Going forward, the power of intermediaries like Google and Facebook to decide what news to show you will become critical. I have argued that the ability to include is almost as significant to exclude. Information we don’t see may as well not exist. It is hard to overstate the distorting effect on the marketplace of ideas this control may have. It has often been a mystery of how Google chooses to include, or exclude certain results in search ranks. Companies who file suit against Google, claiming that their rankings were unfair, consistently lose. Google has raised the First Amendment has a defense.
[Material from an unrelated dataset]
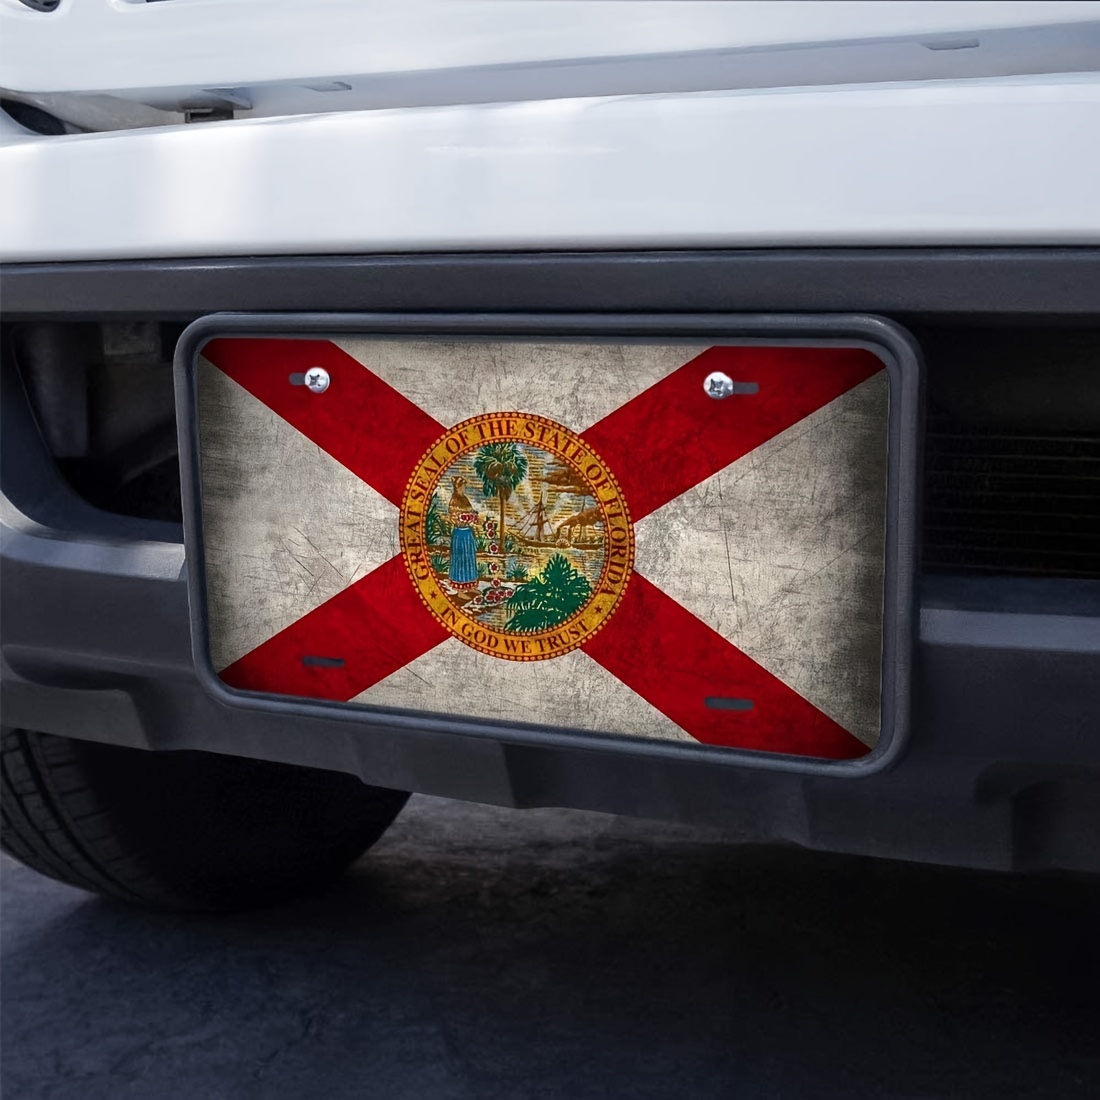 Show Your Florida Pride With This Custom Sunshine State License Plate, Shop The Latest Trends

This dynamic is even more acute on Facebook. I have north of 1,500 FB friends. Facebook has decided, in its infinite wisdom, to show me the news updates of certain people, and not others. That decision is driven largely by my decision of whose status updates I click on (and perhaps by who clicks on mine). Facebook has determined who are the people I care about the most. But this comes at a cost. There are lots of people whose important statuses I never see. I’ve had friends get married, graduate from school, move, etc. And I never even knew it. Other people, whom I don’t really know well, but I find their links interesting, frequently flood my feed with personal updates I don’t care about.
Now, Facebook is letting us peek inside their black box with their new window into the news feed.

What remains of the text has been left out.